Atenei in piazza contro la Riforma
la rabbia di studenti e ricercatori
La commissione di garanzia sugli scioperi chiede la lista dei ricercatori
che si dicono indisponibili all'insegnamento.
Molti rettori hanno detto no.
E giovedì la riforma universitaria alla Camera per l'approvazione finale.
12 ottobre 2010 SALVO INTRAVAIA

UNIVERSITA' in piazza contro la riforma Gelmini. Mentre la commissione di Garanzia sugli scioperi chiede ai rettori la lista dei ricercatori che si sono dichiarati indisponibili all'insegnamento e le l'avvio delle lezioni viene rinviato quasi dappertutto, la riforma del sistema universitario italiano approda alla Camera per l'approvazione finale. E, dopo le prime manifestazioni indette dai ricercatori della Rete29aprile e dagli studenti dell'Unione degli universitari, della Federazione degli studenti e della Run (Rete universitaria nazionale), la protesta si ora allarga.

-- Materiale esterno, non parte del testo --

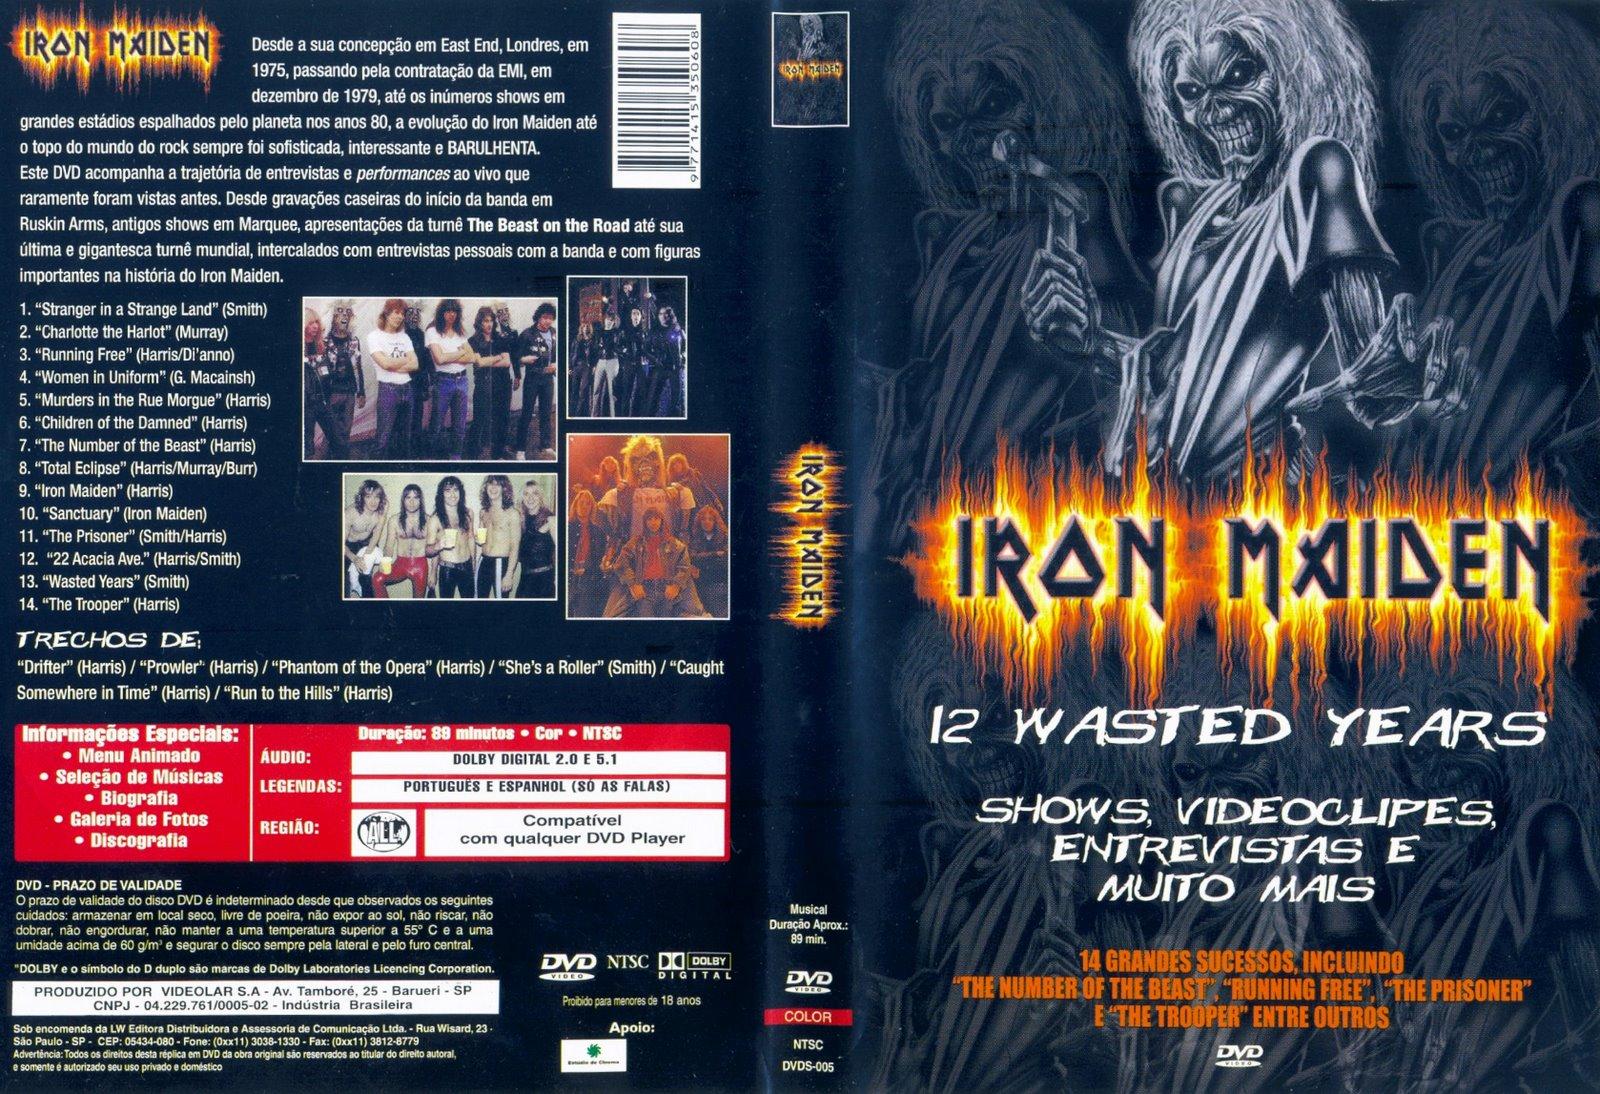 http://3.bp.blogspot.com/_brcl7Spzbn4/TJDPJJnQoLI/AAAAAAAAAjc/7RUdPVRsRqk/s1600/Iron+Maiden+-+12+Wasted+Years.jpg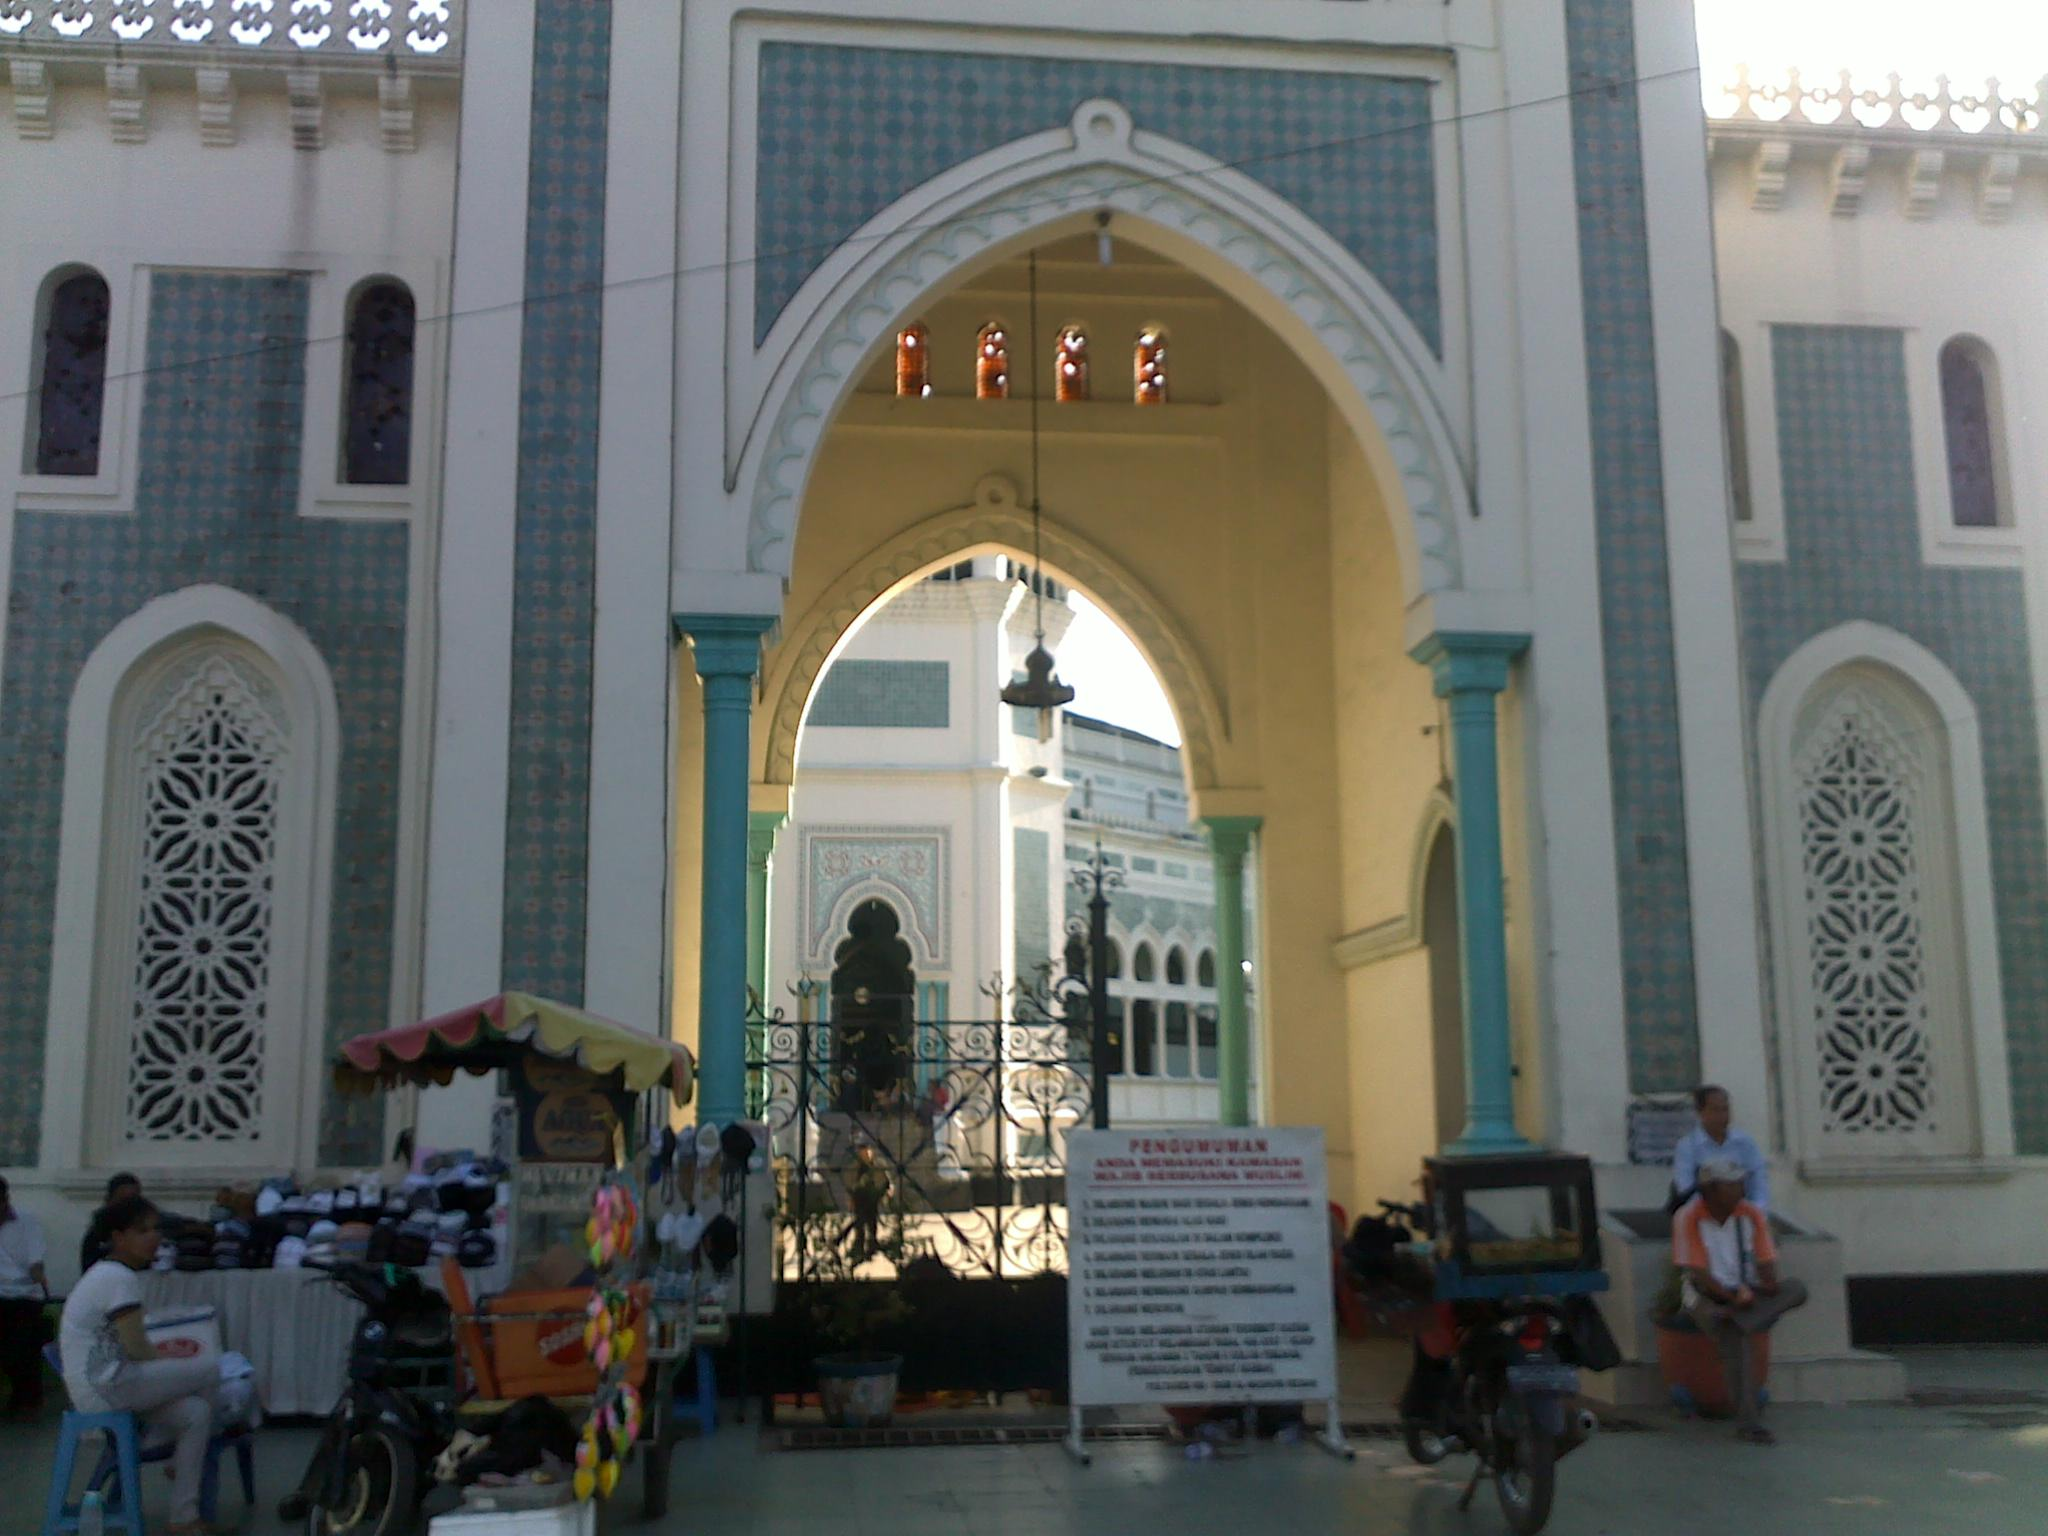 Gambar Pintu Gerbang Masjid Brad Erva Doce Info

Dopodomani, giovedì 14 ottobre, finita la discussione in commissione Cultura, il testo passerà a Montecitorio. Per la stessa data, studenti, ricercatori e professori universitari di quasi tutte le sigle sindacali e associazioni (Adi, Adu, Andu, Cisal, Cisl-Università, Cnru, Cnu, Flc Cgil, Link-Coordinamento universitario, Rdb-Usb, Rete 29 aprile, Snals università, Sun, Udu Ugl università e ricerca, Uilpa-UR) daranno vita ad un sit-in di protesta a partire dalle ore 10 proprio davanti alla Camera dei deputati.

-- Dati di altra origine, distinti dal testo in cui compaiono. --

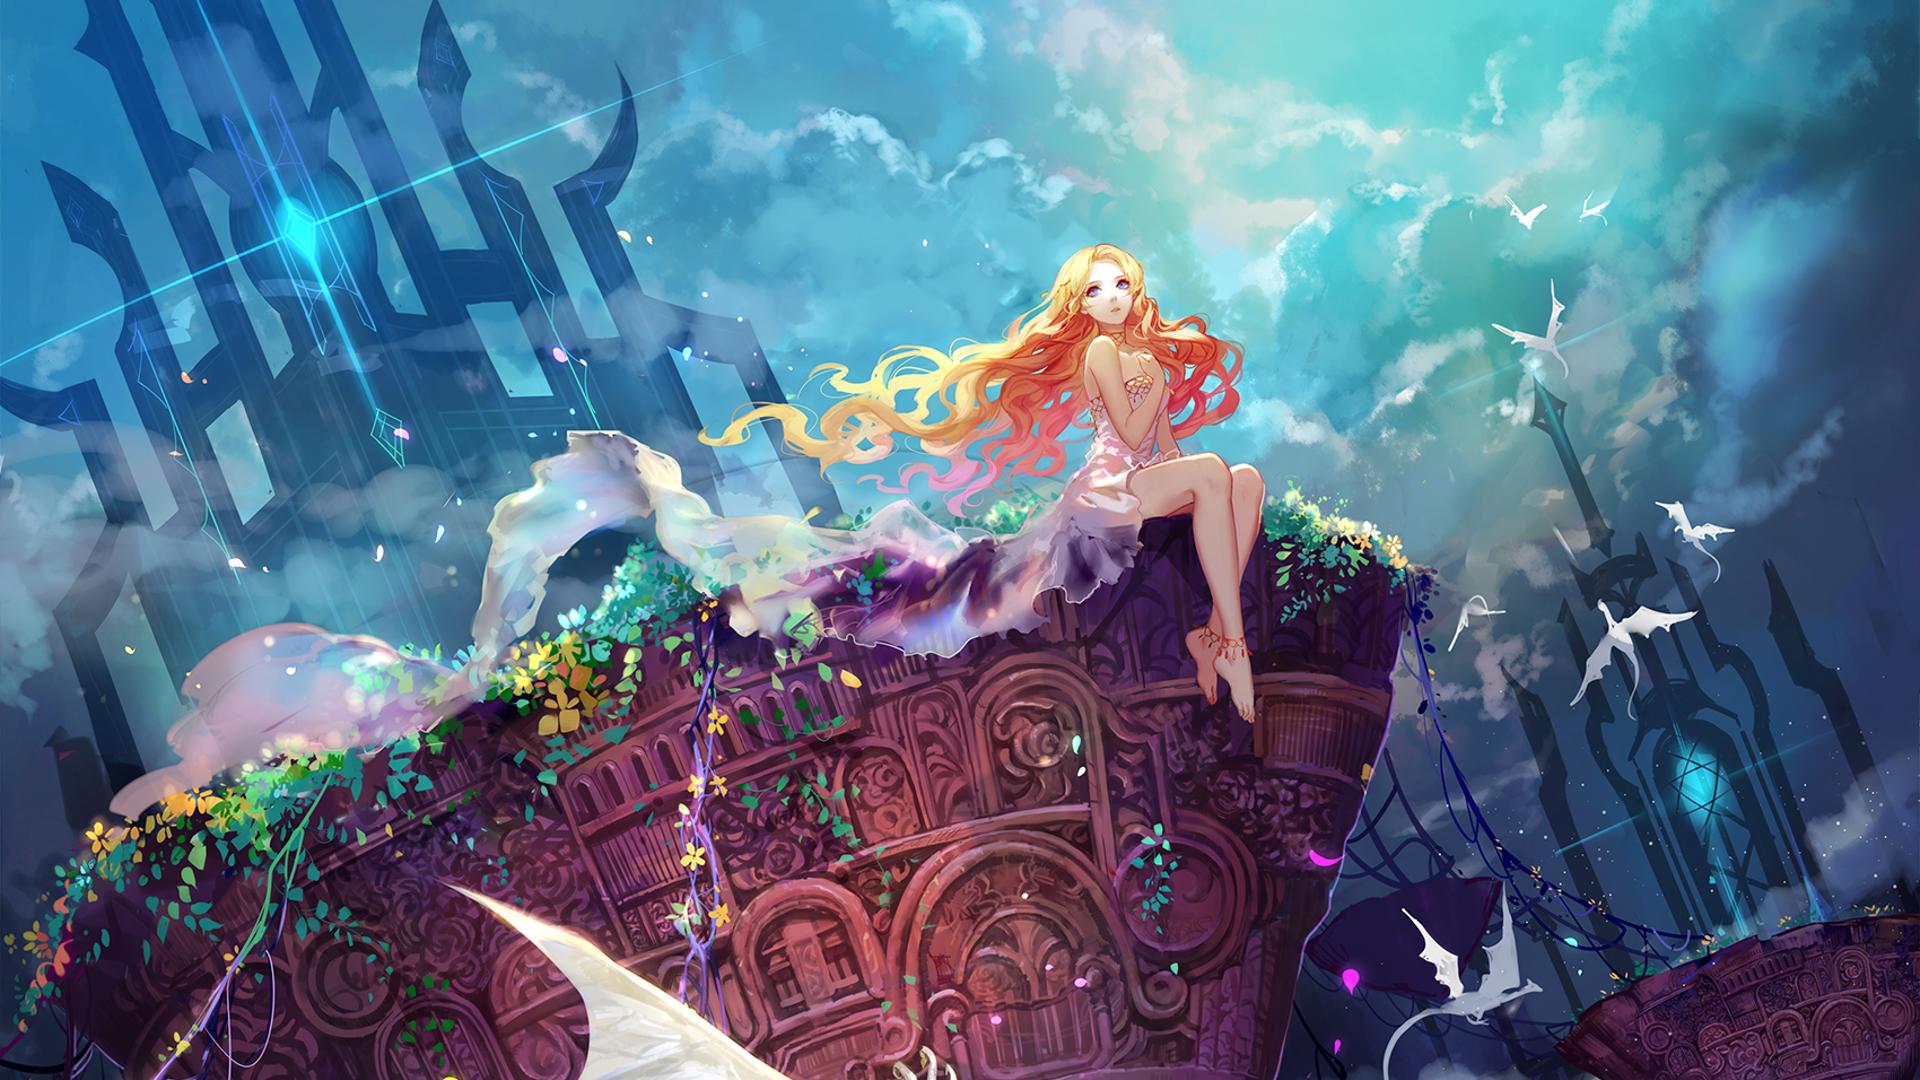 blonde anime anime girls blue eyes sky castle portal magic underwater dragon mythology Carnival screenshot computer

Intanto, il fronte dei ricercatori ribelli si allarga e supera il 50 per cento. Per questa ragione e per la prospettiva di essere costretti a rinviare l'avvio delle lezioni la commissione di garanzia sull'applicazione della legge sul diritto di sciopero, lo scorso 5 ottobre ha inviato una lettera ai rettori in cui si chiede di sapere se il rifiuto dei ricercatori di salire in cattedra sia successivo alla formale accettazione dell'incarico di insegnamento o se la manifestazione di indisponibilità sia preventivo. Ma non solo: la Commissione intende conoscere anche le eventuali forme di protesta dei prof di prima e seconda fascia. Ma alcuni rettori hanno già risposto picche.

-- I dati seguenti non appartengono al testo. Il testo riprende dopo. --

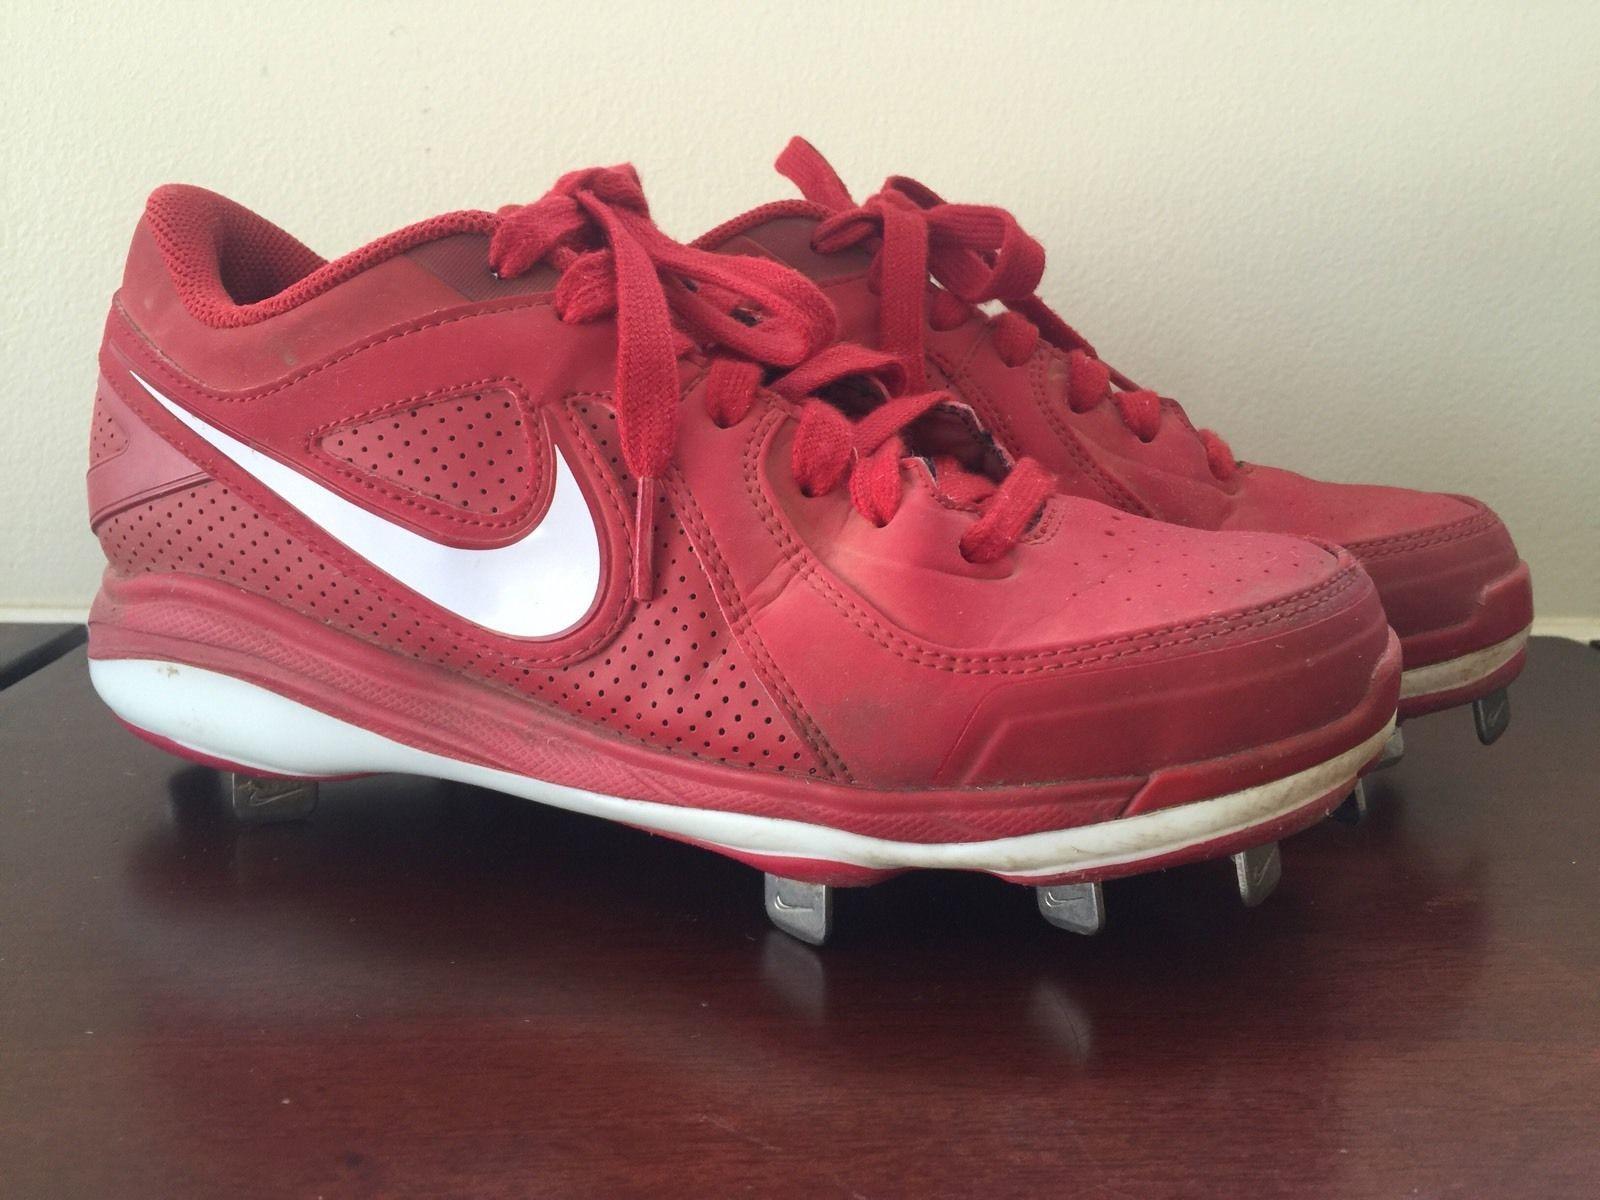 premium selection d7959 c31ce Men Nike MVP Pro Baseball Red Soccer Cleats Size 5.5

L'approvazione della riforma potrebbe incendiare la protesta e mettere in crisi l'intera organizzazione dell'anno accademico. Secondo la Rete29aprile, che da alcune settimane conduce un monitoraggio, su oltre 19 mila ricercatori censiti, oltre 9 mila e 700 non intendono svolgere attività didattica. In 24 dei 50 atenei presi in considerazione dal monitoraggio l'astensione supera il 60 per cento. E' il caso di Milano, Cagliari, Messina, Pisa, Palermo, solo per citarne alcuni.

A Trieste, segnala uno studente della facoltà di Scienze fisiche, "il Senato accademico ha decretato la sospensione della didattica, che dura con qualche piccola interruzione da ormai due settimane e proseguirà per una terza, perché senza il contributo determinante dei ricercatori non è in grado di rispettare gli standard di qualità e quantità proposti nell'offerta didattica". E non sembrano risolutive per ritornare alla normalità le modifiche introdotte in commissione Cultura nei giorni scorsi. Ricercatori e prof criticano l'intero impianto della riforma.

Le critiche più pesanti al provvedimento del governo riguardano i tagli per 860 milioni di euro fino al 2015 al Ffo (il fondo di finanziamento ordinario), che garantisce l'autonomia degli atenei e gli attuali standard di qualità. Ma non solo. A parecchi addetti ai lavori, ricercatori e professori, non piace "la deriva aziendalistica e dirigistica delle università" che si avrebbe, se il provvedimento dovesse trasformarsi il legge, attraverso la costituzione di consigli di amministrazione con soggetti esterni e con i rettori che acquisiscono un potere enorme.

Prevedono un aumento delle tasse universitarie per gli studenti, considerano "non risolutivi" i nuovi meccanismi di reclutamento attraverso commissioni sorteggiate e giudicano negativa la "precarizzazione della ricerca e la delega al governo sulla riforma del diritto allo studio". Per non parlare della "rottamazione" degli attuali ricercatori universitari, paradossalmente penalizzati per essersi dedicati all'insegnamento negli ultimi 15 anni. Ma, soprattutto, temono che il nuovo assetto, per carenza di risorse economiche e di personale, impedisca agli atenei di assicurare gli standard di ricerca e di didattica finora assicurati.